La maison est telle que nous l'avons laissée en début d'après-midi. Le parfum de Layla flotte encore dans chaque pièce et principalement dans sa chambre. Il est déjà tard, je décide de ne pas faire de feu dans la cheminée. Je commence par ranger tout ce qui doit l'être, faire un peu de ménage, puis je réchauffe mon repas et descends dîner dans le salon. Mon regard se perd dans les dernières lueurs du jour qui parent la montagne, mais navigue aussi sur les photos accrochées au mur. J'identifie bien désormais chacune des personnes présentes, même si Layla ne m'a pas forcément parlé de toutes. Je m'attendris aux sourires de Jacob et de Maxime, et demeure un moment à fixer les photos de l'usine. J'y vois les traits du passé, des prémices d'un développement industriel à l'échelle de tout un pays.

Et j'y vois aussi l'avenir.

**

Si j'ai décidé de demeurer aux Auches ce soir, ce n'est pas seulement pour assurer à Layla que j'allais m'occuper de la maison, d'éteindre le chauffage, de vider le réfrigérateur, de verrouiller la bouteille de gaz et autres petites attentions.
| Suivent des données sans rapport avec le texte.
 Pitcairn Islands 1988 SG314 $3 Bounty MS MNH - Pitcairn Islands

C'est aussi parce que je ne me sens pas le courage de me retrouver seul chez moi et que j'ai besoin de ressentir encore sa présence. Et ici, elle est partout. Et ça me fait du bien. Dès la première fois que je suis venu ici, j'ai trouvé que cette maison était belle, agréable et offrant un point de vue incomparable sur la vallée de la Volane et sur Antraigues. Mais elle est plus. Elle est le cocon de Layla, son point d'ancrage dans son pays comme dans sa vie. C'est là que tout a commencé pour elle et là qu'elle s'efforce autant que possible de continuer.
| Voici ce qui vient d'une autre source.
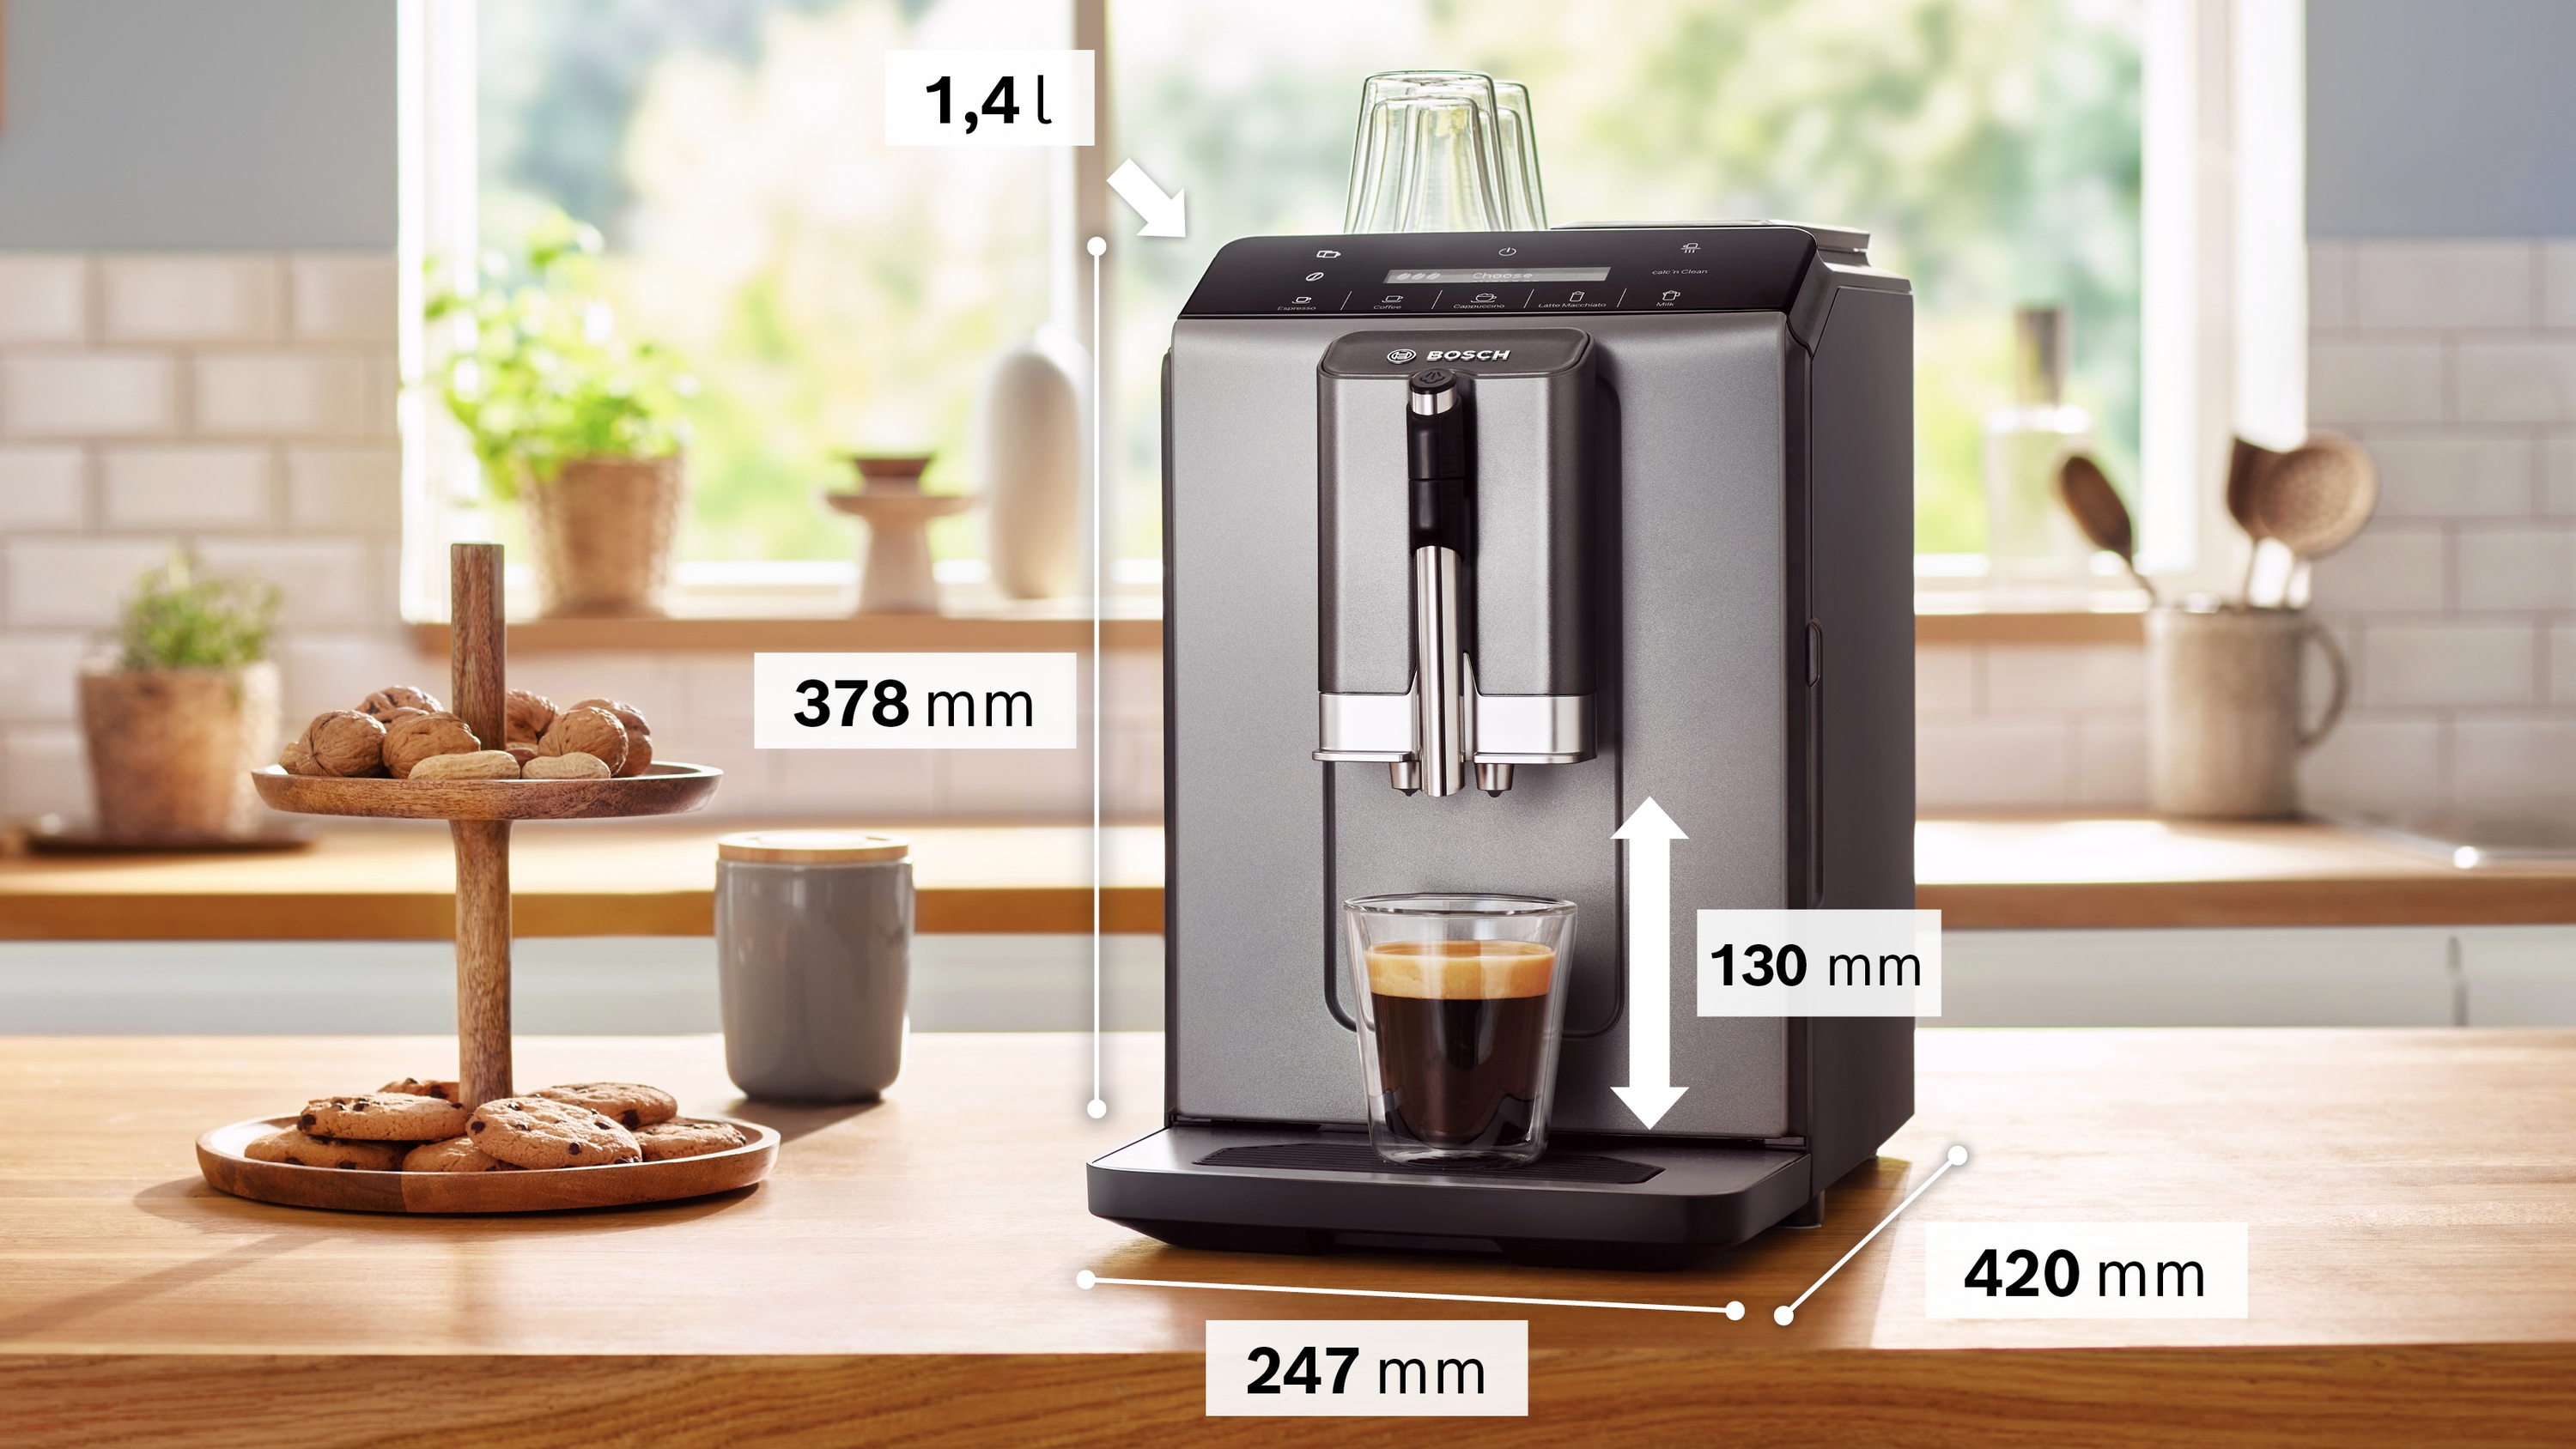 Fully automatic coffee machine, Serie 2 VeroCafe, Diamond titanium metallic, TIE20504

Par des touches discrètes, elle a conservé la présence de ses aïeux et de sa tantine. Cette maison a une âme et je l'ai toujours ressenti de façon très forte.

Layla me téléphone assez tard, une fois rentrée chez elle. Le voyage s'est bien passé, mais je devine les efforts qu'elle fournit pour ne pas me montrer sa tristesse et ce petit coup de blues qui l'étreint. Je la rassure en lui disant que je suis aux Auches et que je me suis occupé du rangement, que je vais y passer la nuit et que je ne rentrerai chez moi que demain. Notre conversation se termine par quelques mots doux, je m'efforce de la faire sourire.

Layla

- Alors, Layla, comment s'est passé ton séjour ?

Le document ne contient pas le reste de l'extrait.